February 27, 2008

Imaginative, Aesthetic, Executable Writing

by Nick Montfort · , 12:20 pm

I just wrote up some notes toward a talk at the Codework workshop at WVU. I figured I’d drop them in here, for those interested in the aesthetics of programming and the relationship of programming and creative writing.

I start with a difference between computer programming and what is traditionally called creative writing: Code has both a human meaning and a formal machine semantics, while creative writing in the usual sense has only human meaning — it cannot be compiled and executed on a computer.

By “machine semantics,” I mean that the program has a meaning because of how it runs on a machine, a computer. This idea is a commonplace of research in programming languages. A specific formulation of this type of semantics, for instance, is the operational semantics, which can be used to prove properties of programming languages. I am not claiming that the computer is a device that makes meaning for itself or that programs are meaningful to computers, only that they have this different sort of meaning because they are instructions that cause machines to operate.

In using the term “human meaning,” I am stating that a person can read a computer program and make sense of it. To do this, the person must run the program in his or her mind to some extent, simulating what the computer would do and understanding it. This relates to the program’s machine semantics. But there are also features of the program that have no meaning in terms of how the program operates, but which do signify to people. Variable names, the names of functions, subroutines, methods, labels, and so on, and comments are some of these features. The choice of a particular way of writing code when there are several equivalent options (using “while” instead of “redo” in Perl, for instance, or a more or less “Pythonic” way of doing the same thing in Python) also allows programmers to determine style and signal meaning to people.

Programs are typically read by many people. They will certainly be read by the programmer as the program is initially written, expanded, refactored, and revisited. They will be read by managers and collaborators. They will be read by people working to port the program to a new platform, package it for distribution, or fix bugs. And of course they may be read by people learning about programming or just curious about the workings of the particular program. Given this readership, the human meaning of code is not insignificant on a practical level, and programming practices have acknowledged this.

Because these two aspects are present and are particular to code, the interplay between them is particularly interesting, and, in fact, I believe it is the locus of a new type of creative writing practice in which code itself is the thing written. That is, programming does not inform creative writing or vice versa; the same activity is, completely, both a programming practice and a creative writing practice.

Here are some programming practices and a description of how they engage these two levels of meaning:

Refactoring. The process of revising a program so that it is streamlined, clear, and meets coding guidelines or “best practices.” This mainly engages the level of machine semantics, at least in most of my refactoring, but it also deals to some extent with the level of human meaning because comments may be added and the program may be reorganized for the purpose of better understanding. However, the changes being made in refactoring are usually straightforward, aimed at better engineering and adherence to standards. There may be an art of programming, but it is hard to see refactoring as an imaginative or poetic process.
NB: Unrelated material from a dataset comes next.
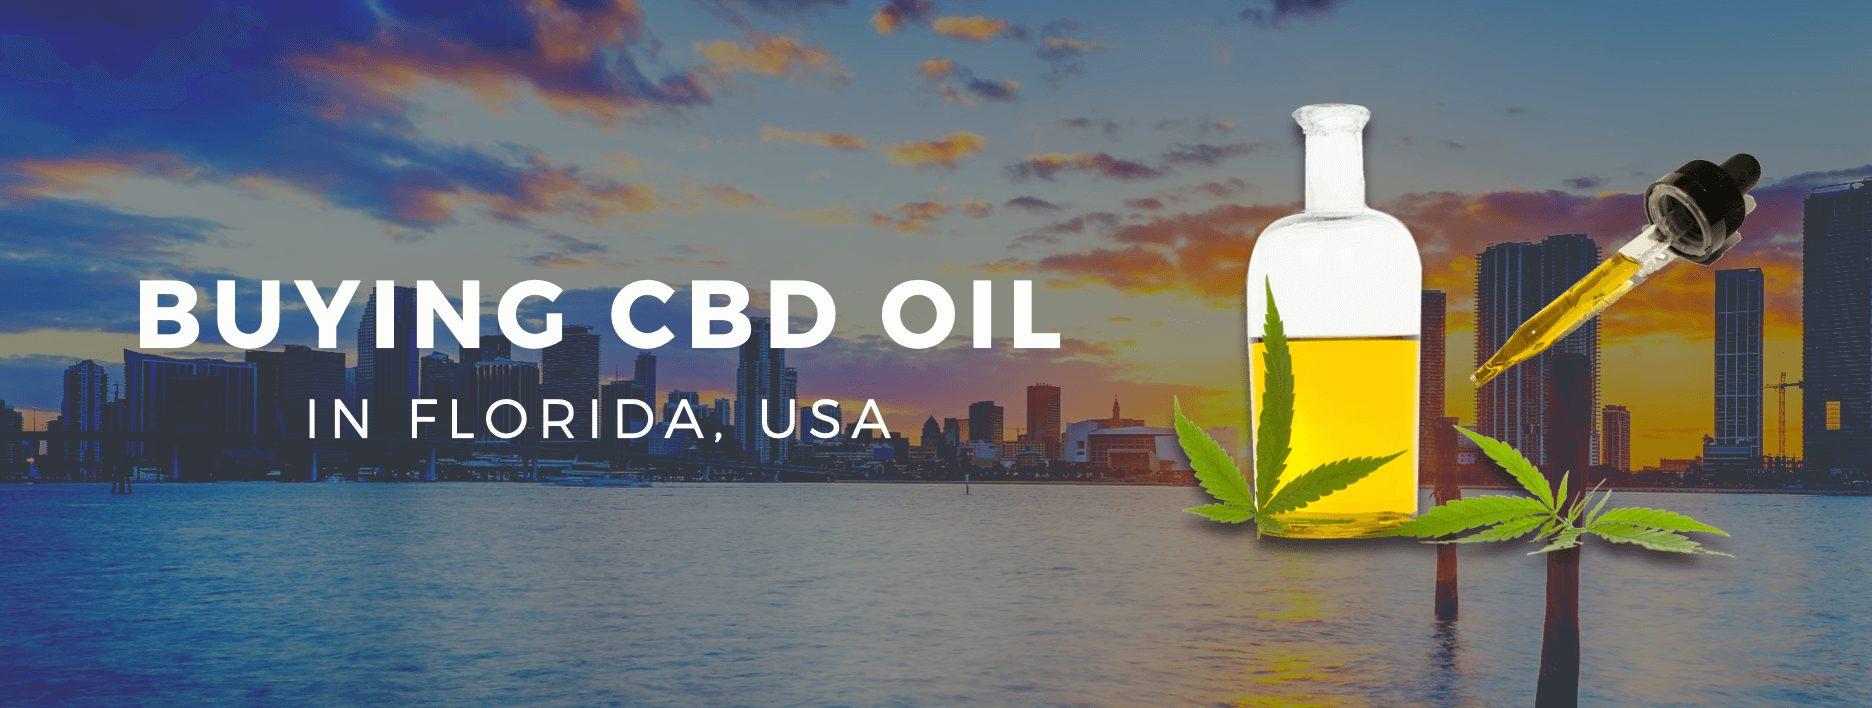 CBD oil Florida
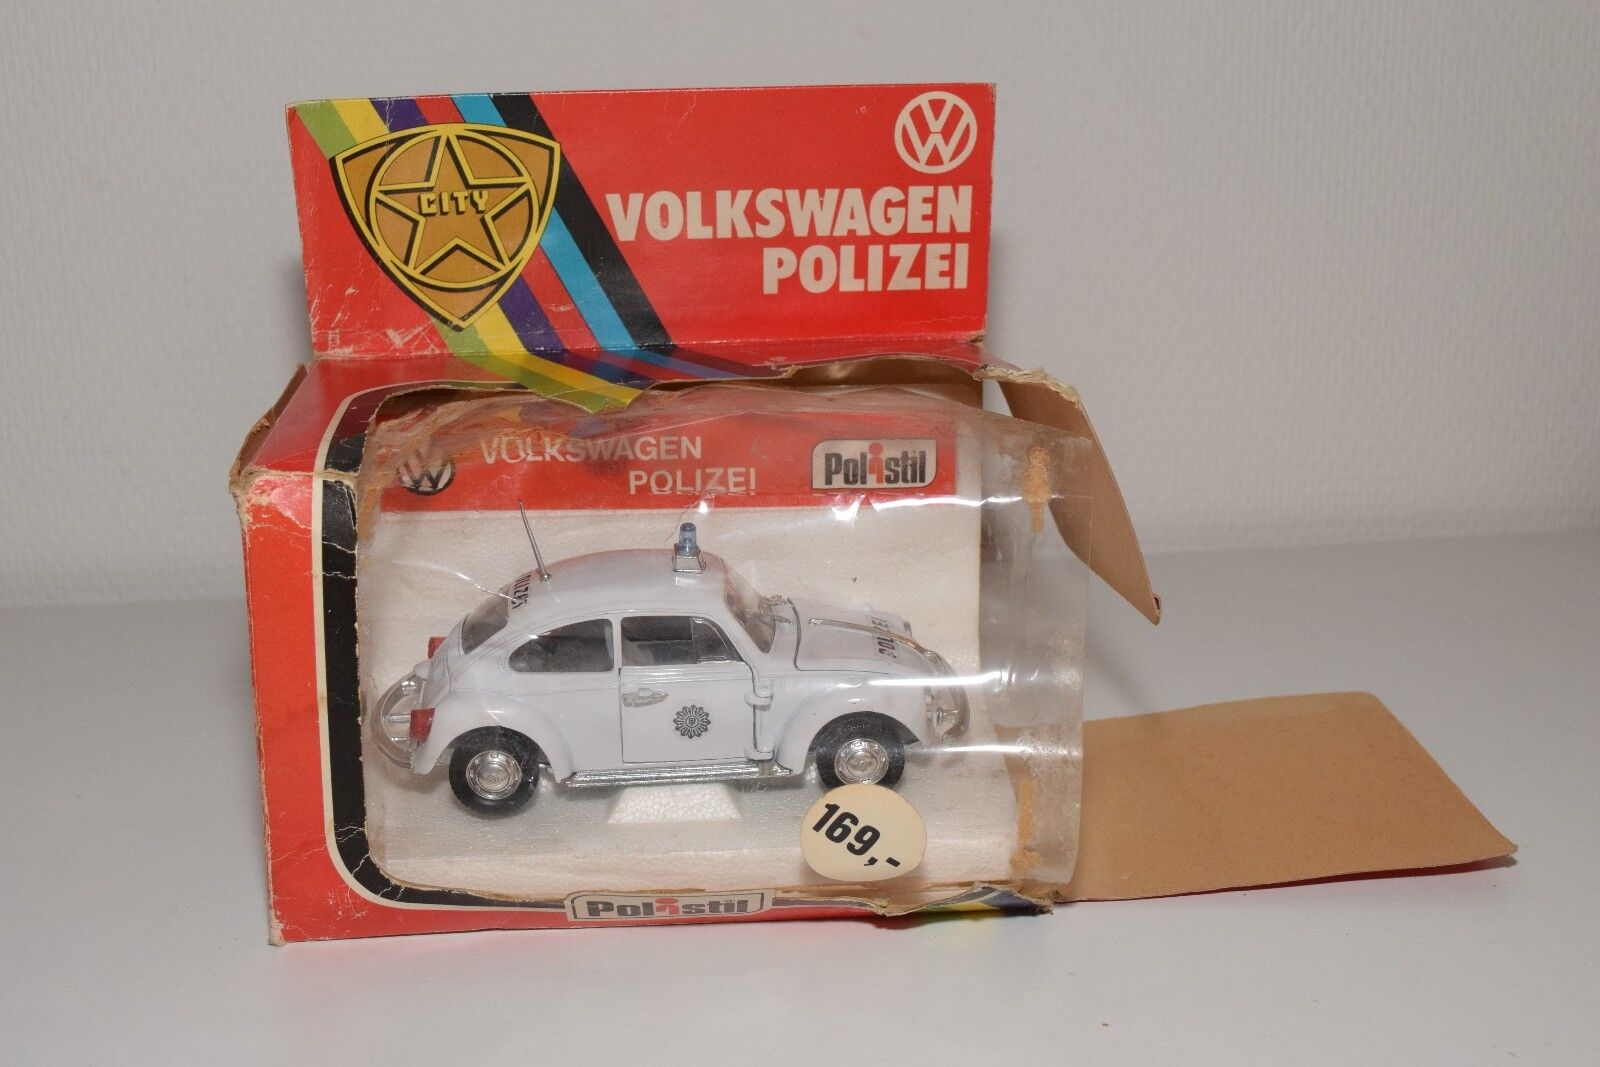 POLISTIL S643 S-643 VW VOLKSWAGEN BEETLE KAFER POLIZEI POLICE VN MINT BOXED RARE

Compression. This is undertaken by those participating in Perl Golf, where the object is to write a program in as few “strokes,” or keystrokes, as possible. The problem to be solved is fixed and the goal is to accomplish a solution with extreme economy in program size. This mainly engages the level of human meaning — and then, only as a side effect. Compressed programs must all do the same task, so their machine semantics must be the same, but shorter ones will often (not always) be significantly harder to understand. Analogies can be drawn to constrained writing and competitive traditions of poem-writing, but, for different reasons than with refactoring, it is difficult to see this practice as highly expressive or poetic.

Obfuscated coding. Competitors are invited to write short programs that do anything they like while making the code for these programs intentionally hard to understand. Both levels are deeply engaged, with programmers having the option to pursue unusual machine function and to cloak the human meaning of their programs in clever ways. Although making programs intentionally hard to understand is not the only interesting way to code with regard to human meaning, it is an effort that resists the usual values of elegance, simplicity, and clarity. In many of the best obfuscated programs, the visual appearance of the code relates interestingly to its fuction — in some cases, the code itself is used as data by the running program — and obfuscation is achieved both my making the program’s workings byzantine and by choosing very difficult-to-understand means of implementing these workings. Obfuscated coding is one type of programming that is a writing practice and is also highly creative.